**Aim of the exercise**. Every record must appear in the answer exactly as it stands.

★ ★ ★

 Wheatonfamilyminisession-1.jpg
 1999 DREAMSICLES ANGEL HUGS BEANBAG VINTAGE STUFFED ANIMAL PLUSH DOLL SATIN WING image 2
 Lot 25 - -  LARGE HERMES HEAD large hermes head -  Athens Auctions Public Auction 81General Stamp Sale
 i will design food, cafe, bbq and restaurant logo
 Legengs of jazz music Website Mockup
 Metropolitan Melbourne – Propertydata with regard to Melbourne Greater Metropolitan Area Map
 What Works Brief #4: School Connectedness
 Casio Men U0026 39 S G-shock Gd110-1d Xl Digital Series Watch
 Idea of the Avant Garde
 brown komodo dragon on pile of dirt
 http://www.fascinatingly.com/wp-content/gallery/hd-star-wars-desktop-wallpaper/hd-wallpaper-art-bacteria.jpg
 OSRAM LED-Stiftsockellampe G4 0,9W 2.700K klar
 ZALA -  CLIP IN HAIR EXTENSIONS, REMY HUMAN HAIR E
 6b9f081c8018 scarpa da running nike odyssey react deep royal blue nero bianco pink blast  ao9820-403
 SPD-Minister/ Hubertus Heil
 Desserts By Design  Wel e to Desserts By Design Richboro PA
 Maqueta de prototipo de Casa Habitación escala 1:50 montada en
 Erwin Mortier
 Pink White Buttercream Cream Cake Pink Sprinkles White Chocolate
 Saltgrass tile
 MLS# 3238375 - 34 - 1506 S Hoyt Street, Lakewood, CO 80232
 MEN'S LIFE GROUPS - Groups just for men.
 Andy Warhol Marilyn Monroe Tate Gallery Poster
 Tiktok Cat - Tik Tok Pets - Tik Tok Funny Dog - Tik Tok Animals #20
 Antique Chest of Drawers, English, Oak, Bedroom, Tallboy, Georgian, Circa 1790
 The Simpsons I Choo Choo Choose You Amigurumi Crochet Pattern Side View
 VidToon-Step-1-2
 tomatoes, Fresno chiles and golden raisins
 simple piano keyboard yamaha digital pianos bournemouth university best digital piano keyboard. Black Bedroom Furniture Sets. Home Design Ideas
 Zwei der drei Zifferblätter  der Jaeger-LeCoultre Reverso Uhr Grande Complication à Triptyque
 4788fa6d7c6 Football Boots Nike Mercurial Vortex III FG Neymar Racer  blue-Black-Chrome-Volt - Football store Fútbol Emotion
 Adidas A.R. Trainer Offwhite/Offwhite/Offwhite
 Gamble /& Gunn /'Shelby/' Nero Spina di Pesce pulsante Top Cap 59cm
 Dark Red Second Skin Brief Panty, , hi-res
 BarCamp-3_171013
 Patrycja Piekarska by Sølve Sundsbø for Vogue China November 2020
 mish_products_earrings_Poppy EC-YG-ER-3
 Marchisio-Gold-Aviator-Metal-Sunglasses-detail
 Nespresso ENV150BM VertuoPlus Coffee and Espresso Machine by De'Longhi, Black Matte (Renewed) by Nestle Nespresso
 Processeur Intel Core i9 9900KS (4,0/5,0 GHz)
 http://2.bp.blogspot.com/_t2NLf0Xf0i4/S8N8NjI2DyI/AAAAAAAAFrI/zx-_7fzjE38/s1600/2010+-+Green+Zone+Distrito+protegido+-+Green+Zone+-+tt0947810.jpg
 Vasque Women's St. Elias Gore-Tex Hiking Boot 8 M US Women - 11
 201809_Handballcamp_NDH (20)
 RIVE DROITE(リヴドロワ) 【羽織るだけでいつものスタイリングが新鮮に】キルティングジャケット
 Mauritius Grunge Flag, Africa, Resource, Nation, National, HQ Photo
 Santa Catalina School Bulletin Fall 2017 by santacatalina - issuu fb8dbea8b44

★ ★ ★

**Output below**.
 Wheatonfamilyminisession-1.jpg
 1999 DREAMSICLES ANGEL HUGS BEANBAG VINTAGE STUFFED ANIMAL PLUSH DOLL SATIN WING image 2
 Lot 25 - -  LARGE HERMES HEAD large hermes head -  Athens Auctions Public Auction 81General Stamp Sale
 i will design food, cafe, bbq and restaurant logo
 Legengs of jazz music Website Mockup
 Metropolitan Melbourne – Propertydata with regard to Melbourne Greater Metropolitan Area Map
 What Works Brief #4: School Connectedness
 Casio Men U0026 39 S G-shock Gd110-1d Xl Digital Series Watch
 Idea of the Avant Garde
 brown komodo dragon on pile of dirt
 http://www.fascinatingly.com/wp-content/gallery/hd-star-wars-desktop-wallpaper/hd-wallpaper-art-bacteria.jpg
 OSRAM LED-Stiftsockellampe G4 0,9W 2.700K klar
 ZALA -  CLIP IN HAIR EXTENSIONS, REMY HUMAN HAIR E
 6b9f081c8018 scarpa da running nike odyssey react deep royal blue nero bianco pink blast  ao9820-403
 SPD-Minister/ Hubertus Heil
 Desserts By Design  Wel e to Desserts By Design Richboro PA
 Maqueta de prototipo de Casa Habitación escala 1:50 montada en
 Erwin Mortier
 Pink White Buttercream Cream Cake Pink Sprinkles White Chocolate
 Saltgrass tile
 MLS# 3238375 - 34 - 1506 S Hoyt Street, Lakewood, CO 80232
 MEN'S LIFE GROUPS - Groups just for men.
 Andy Warhol Marilyn Monroe Tate Gallery Poster
 Tiktok Cat - Tik Tok Pets - Tik Tok Funny Dog - Tik Tok Animals #20
 Antique Chest of Drawers, English, Oak, Bedroom, Tallboy, Georgian, Circa 1790
 The Simpsons I Choo Choo Choose You Amigurumi Crochet Pattern Side View
 VidToon-Step-1-2
 tomatoes, Fresno chiles and golden raisins
 simple piano keyboard yamaha digital pianos bournemouth university best digital piano keyboard. Black Bedroom Furniture Sets. Home Design Ideas
 Zwei der drei Zifferblätter  der Jaeger-LeCoultre Reverso Uhr Grande Complication à Triptyque
 4788fa6d7c6 Football Boots Nike Mercurial Vortex III FG Neymar Racer  blue-Black-Chrome-Volt - Football store Fútbol Emotion
 Adidas A.R. Trainer Offwhite/Offwhite/Offwhite
 Gamble /& Gunn /'Shelby/' Nero Spina di Pesce pulsante Top Cap 59cm
 Dark Red Second Skin Brief Panty, , hi-res
 BarCamp-3_171013
 Patrycja Piekarska by Sølve Sundsbø for Vogue China November 2020
 mish_products_earrings_Poppy EC-YG-ER-3
 Marchisio-Gold-Aviator-Metal-Sunglasses-detail
 Nespresso ENV150BM VertuoPlus Coffee and Espresso Machine by De'Longhi, Black Matte (Renewed) by Nestle Nespresso
 Processeur Intel Core i9 9900KS (4,0/5,0 GHz)
 http://2.bp.blogspot.com/_t2NLf0Xf0i4/S8N8NjI2DyI/AAAAAAAAFrI/zx-_7fzjE38/s1600/2010+-+Green+Zone+Distrito+protegido+-+Green+Zone+-+tt0947810.jpg
 Vasque Women's St. Elias Gore-Tex Hiking Boot 8 M US Women - 11
 201809_Handballcamp_NDH (20)
 RIVE DROITE(リヴドロワ) 【羽織るだけでいつものスタイリングが新鮮に】キルティングジャケット
 Mauritius Grunge Flag, Africa, Resource, Nation, National, HQ Photo
 Santa Catalina School Bulletin Fall 2017 by santacatalina - issuu fb8dbea8b44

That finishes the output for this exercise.